How erasers are made

Make no mistake about it: an eraser is a student’s best friend. Whether it’s attached to the top of a pencil or on its own, only an eraser can quickly rub out an error. White erasers are made of flexible vinyl while pink erasers are made of synthetic rubber.

In 1736 a French explorer observed South American native Indians using a certain tree resin to make bouncing balls. He brought this resin back home and before long Europeans discovered it could rub out pencil marks, hence the term rubber. There was just one problem after a while: rubber would rot. That dilemma was solved a century later by one Charles Goodyear, who developed a curing process to prevent rubber from rotting.

A lot of ingredients go into making a simple pink eraser. Carefully measured fillers, accelerators, curing agents, oils, colouring and the main ingredient – synthetic rubber. They start by putting a batch of rubber into a mill. The rubber passes repeatedly between large heated rollers. Then throw in any defective erasers from the last production run, recycling them into this new batch, then add sulphur as a curing agent.
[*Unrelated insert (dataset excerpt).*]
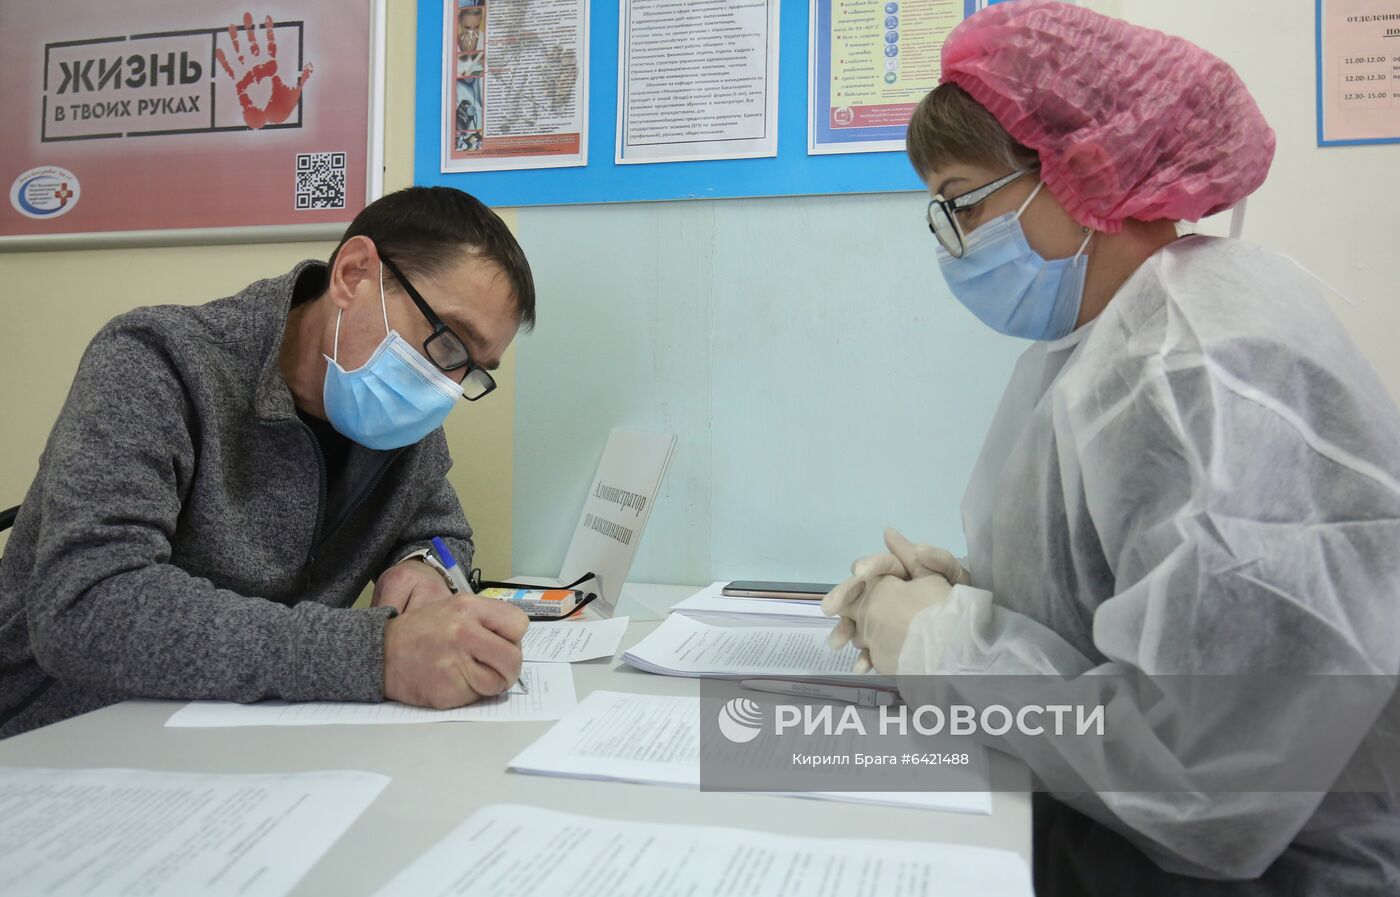 Вакцинация от коронавируса в Волгограде

Accelerators to help the sulphur do its job. Add red colouring then blend everything for five to ten minutes, until the mixture is the consistency of heavy dough. Next add vulcanized vegetable oil (that’s vegetable oil treated with sulphur). Following that regular vegetable oil is added, then calcium carbonate – this acts as a filler when the colour and thickness are just right. In a factory, workers remove the rubber, which by now is hot and soft as a result of all that milling, and leave it to cool and harden at room temperature for about half a day. When the rubber is ready, they cut out large squares, each weighing between 5 and 8 kilograms depending on the thickness of eraser the client has ordered. The squares go into a steam heated press to cure for about 20 minutes at 163 degrees Celsius and the pressure compacts the rubber while the intense heat hardens it. They trim off the excess then submerge the hot rubber squares in cold water to stop the curing process.

To make erasers that erase both lead and ink, they cut beveled strips from two batches of rubber; one pink and one blue. The blue contains pumice which gives it that extra abrasiveness to erase ink. They pair up each pink with a blue to form a two colour strip, then it’s into the steam press. After twelve minutes, workers remove the trays, trim off the excess and submerge the strips and cold water to stop the curing process. Then an automated machine chops the strip’s into pieces the size of erasers.

And back to the all pink erasers – the rubber squares come out of their cold water bath, and go through a machine that cuts strips with beveled edges, then chops the strip’s into erasers. From there the erasers drop into a giant barrel. Workers throw in some talcum powder to prevent them from sticking together, then they set the barrel spinning for three to five hours as the erasers tumble against each other. The abrasion rounds off their edges.

The last step is printing a machine stamps each eraser with the company name and the model number. It’s not the rubber that gives the eraser the ability to erase but rather the vulcanized vegetable oil that’s in it – that’s what makes the eraser crumble when rubbed on paper taking away the pencil marks with it.